What to work on:
Leaving out all pictures, transcribe the lines below exactly, from the first through the line containing "Follow Jonah along".

Material provided:
Segment Open
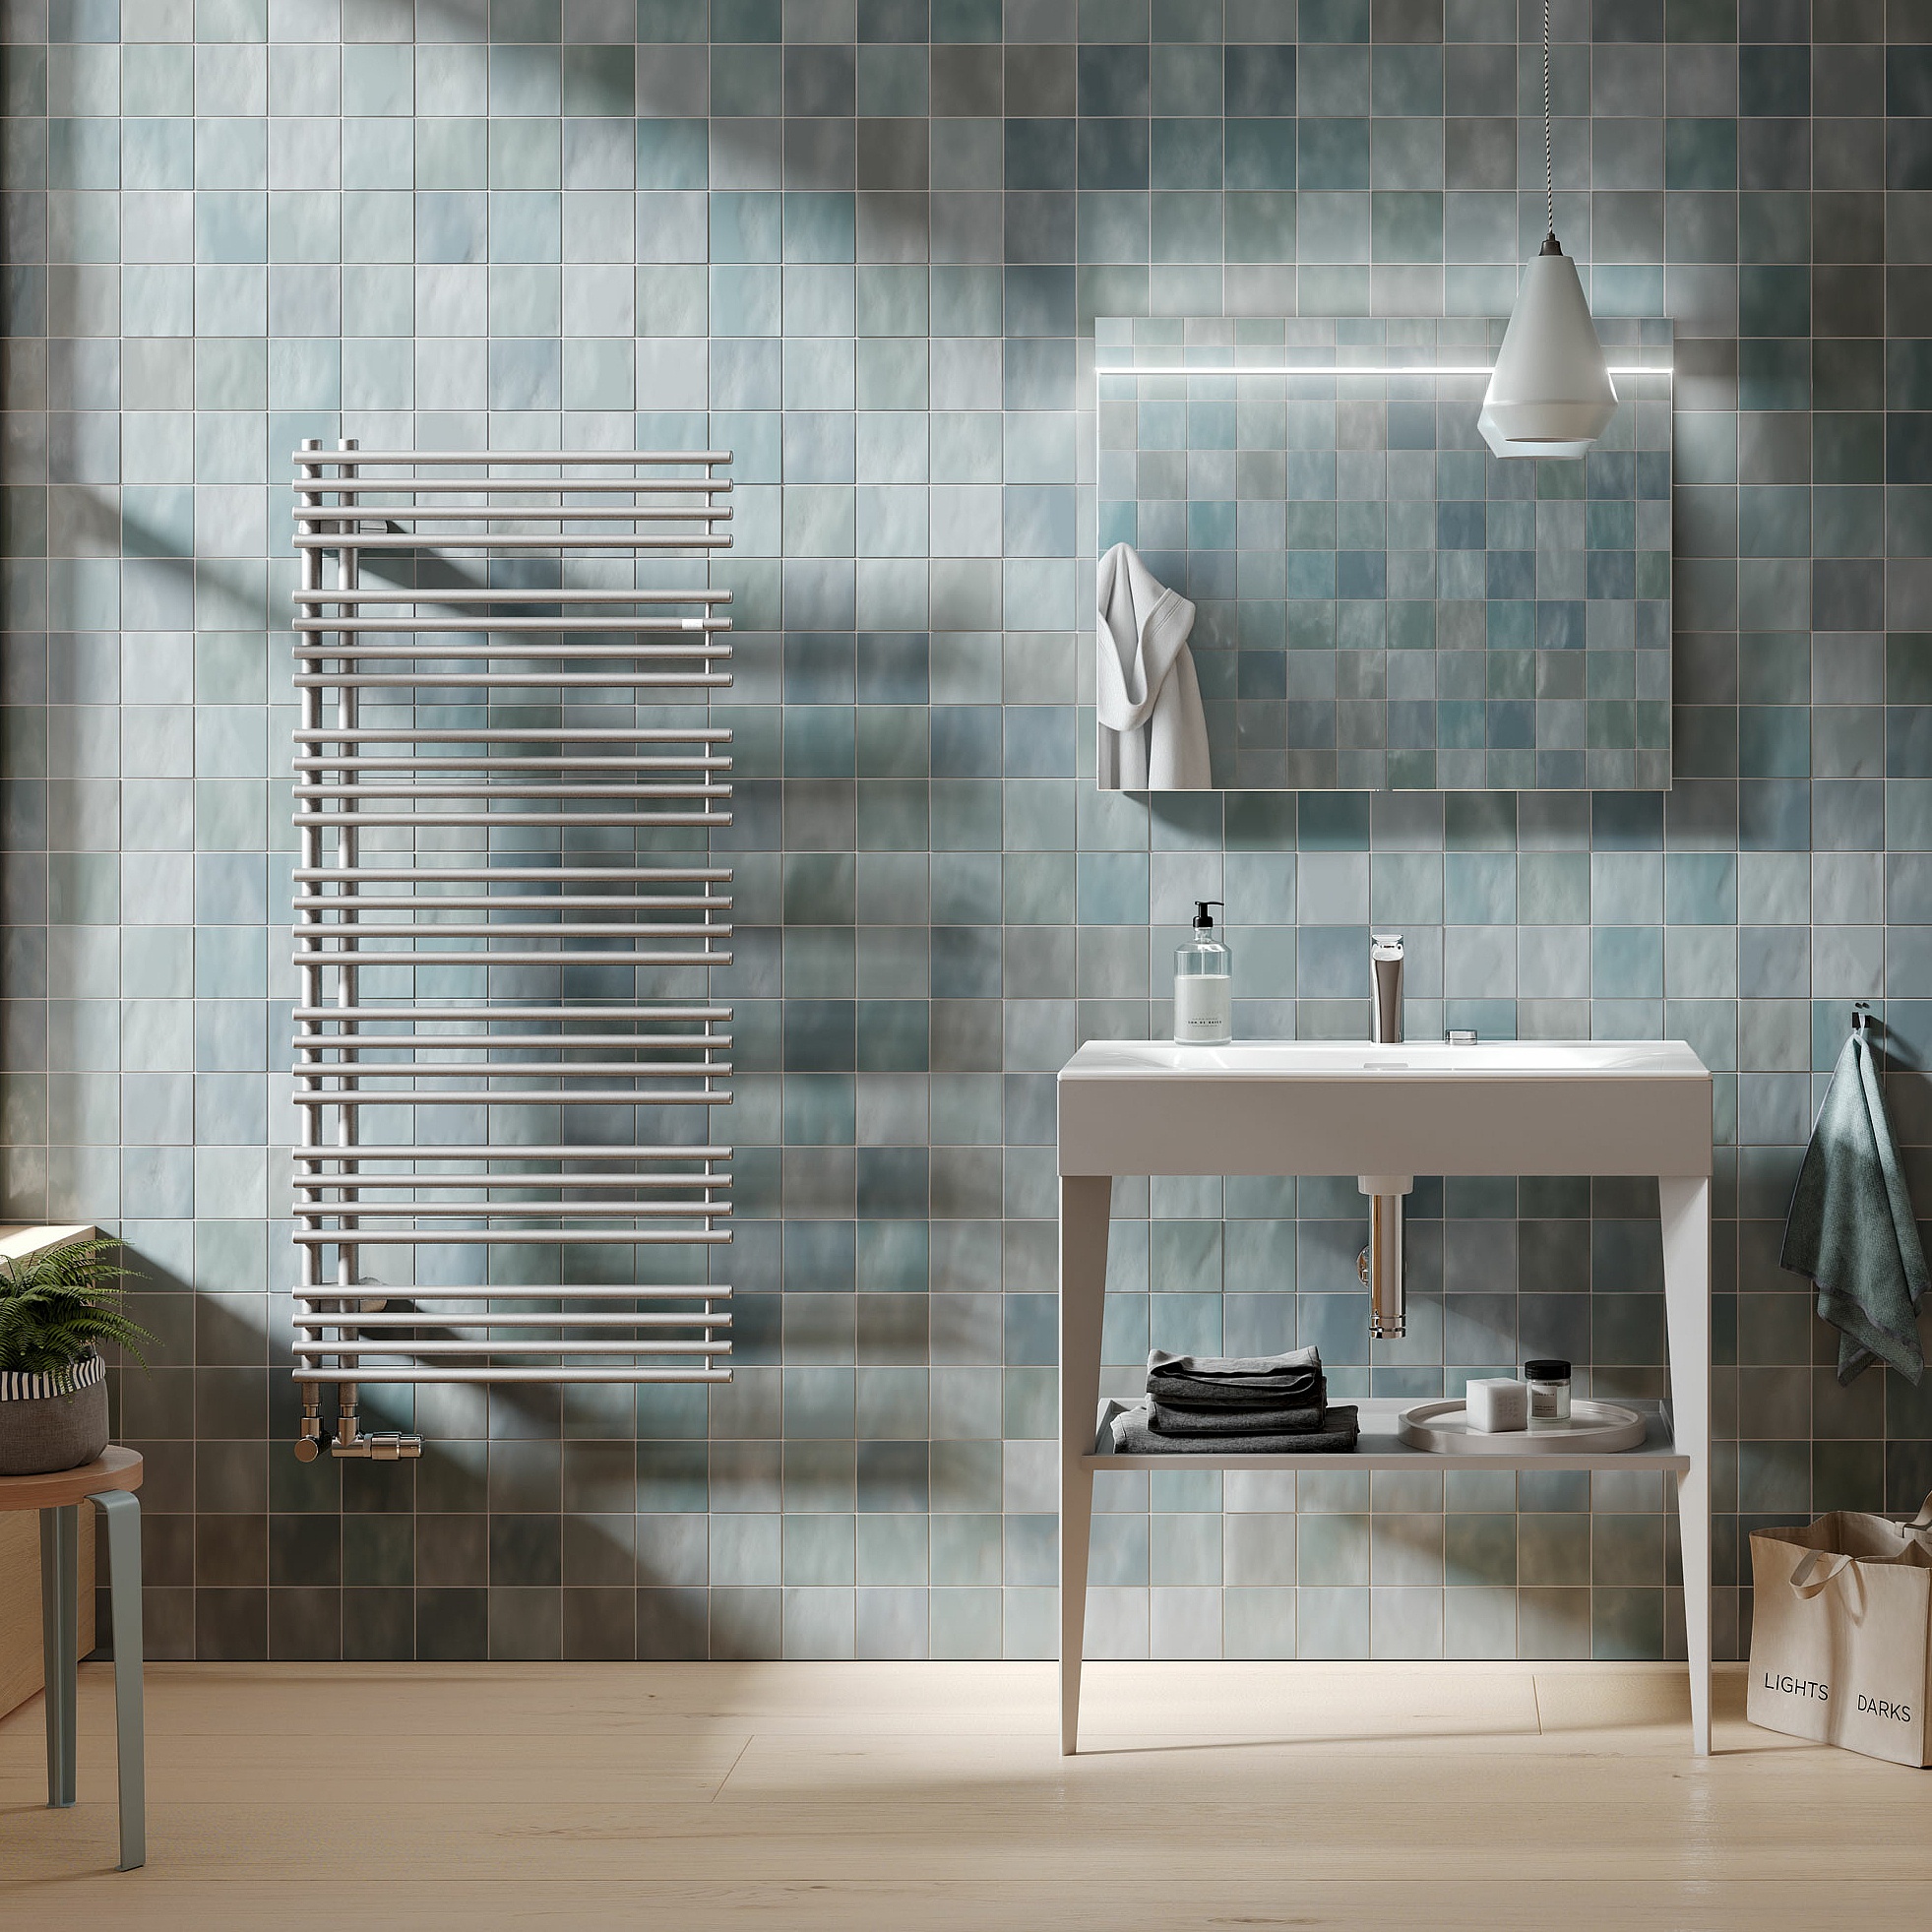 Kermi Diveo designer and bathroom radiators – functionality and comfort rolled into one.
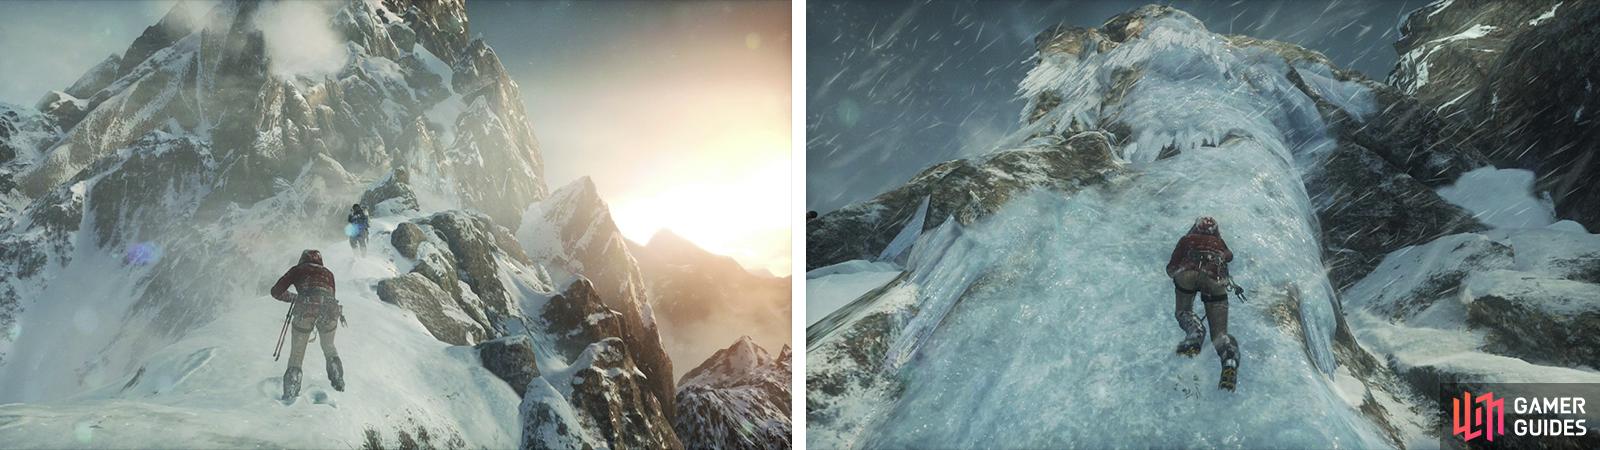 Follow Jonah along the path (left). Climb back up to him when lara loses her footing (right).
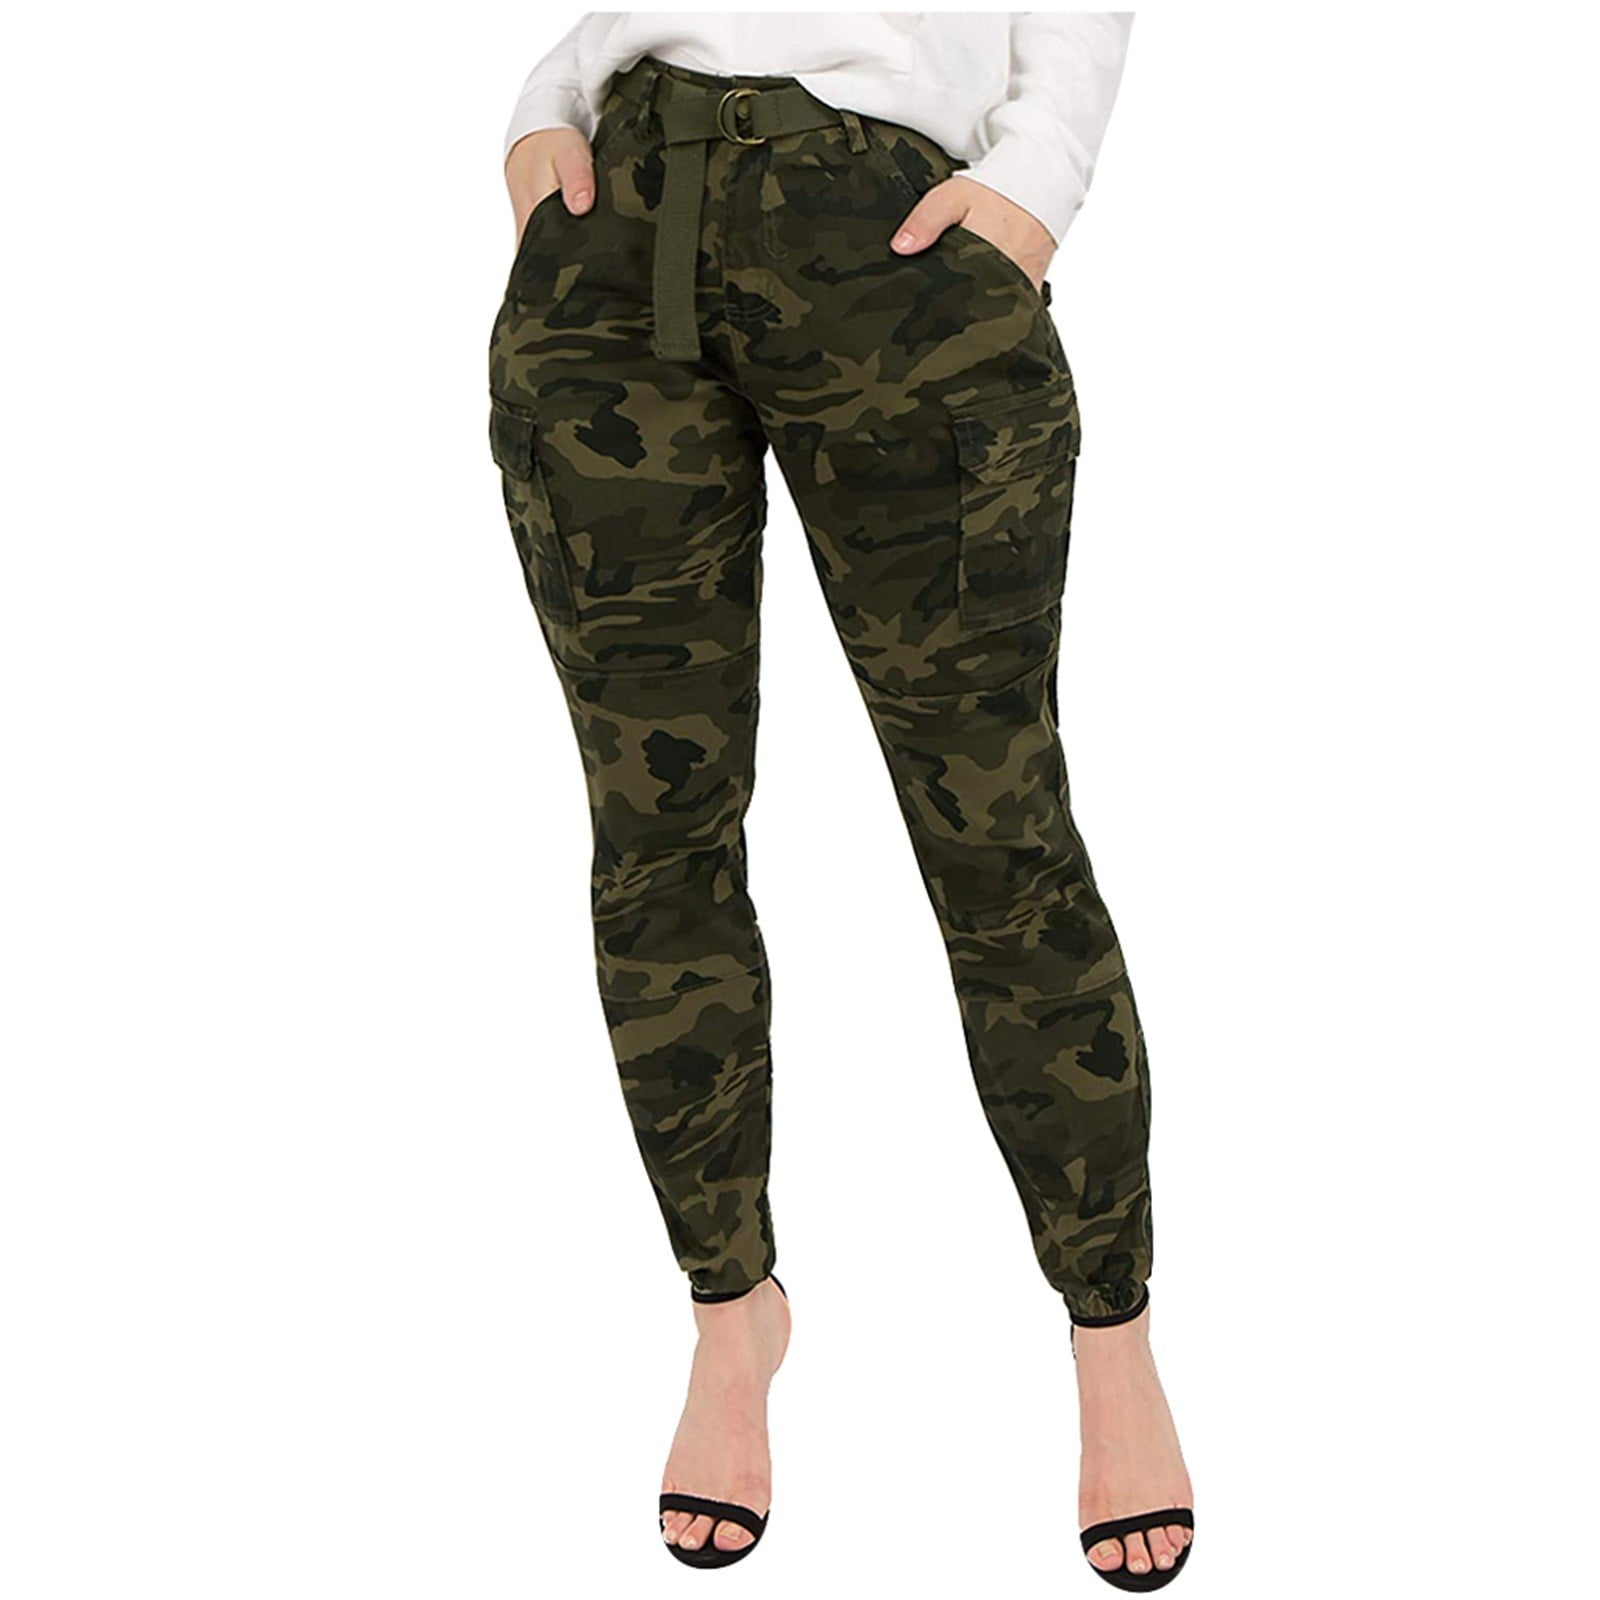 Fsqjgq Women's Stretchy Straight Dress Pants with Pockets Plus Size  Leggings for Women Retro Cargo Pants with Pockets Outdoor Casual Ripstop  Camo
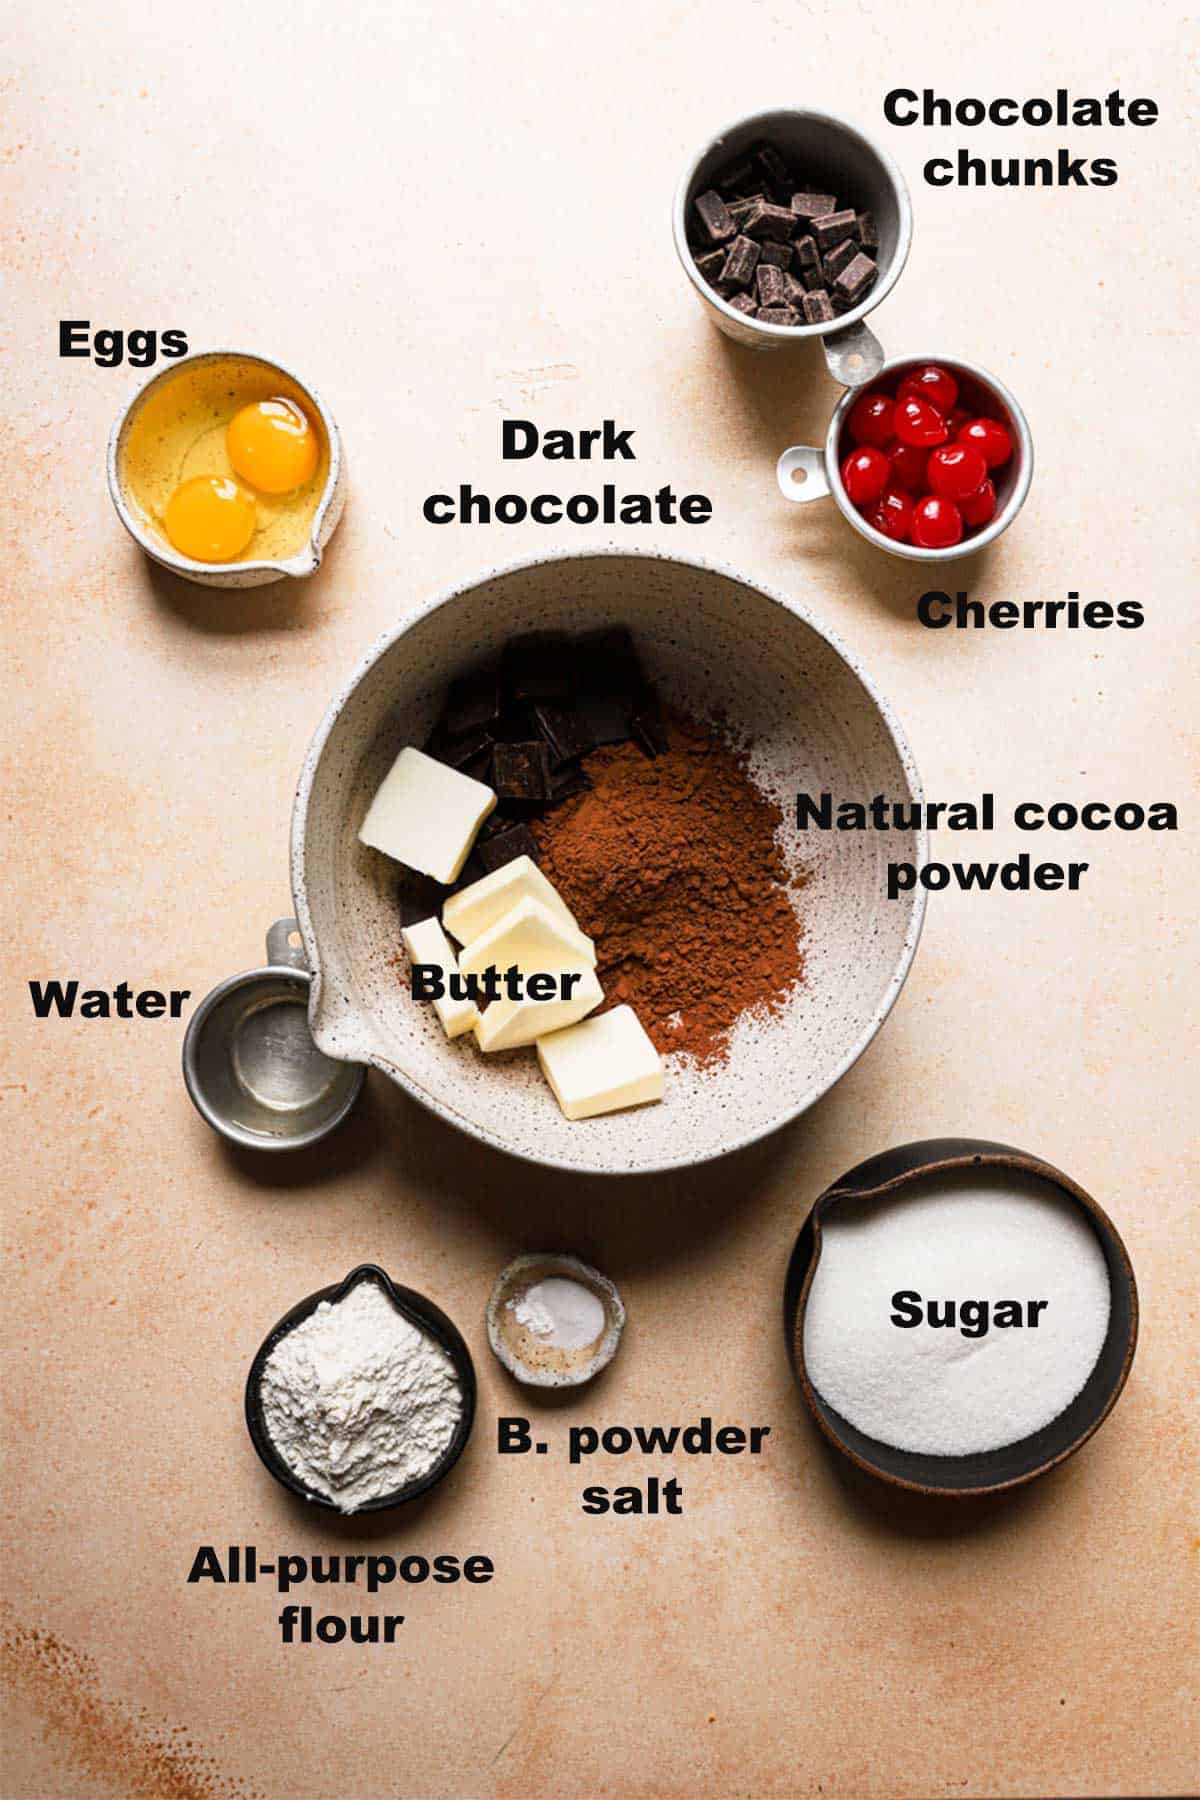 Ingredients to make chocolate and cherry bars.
Segment Closed
Your solution:
 Kermi Diveo designer and bathroom radiators – functionality and comfort rolled into one.
 Follow Jonah along the path (left). Climb back up to him when lara loses her footing (right).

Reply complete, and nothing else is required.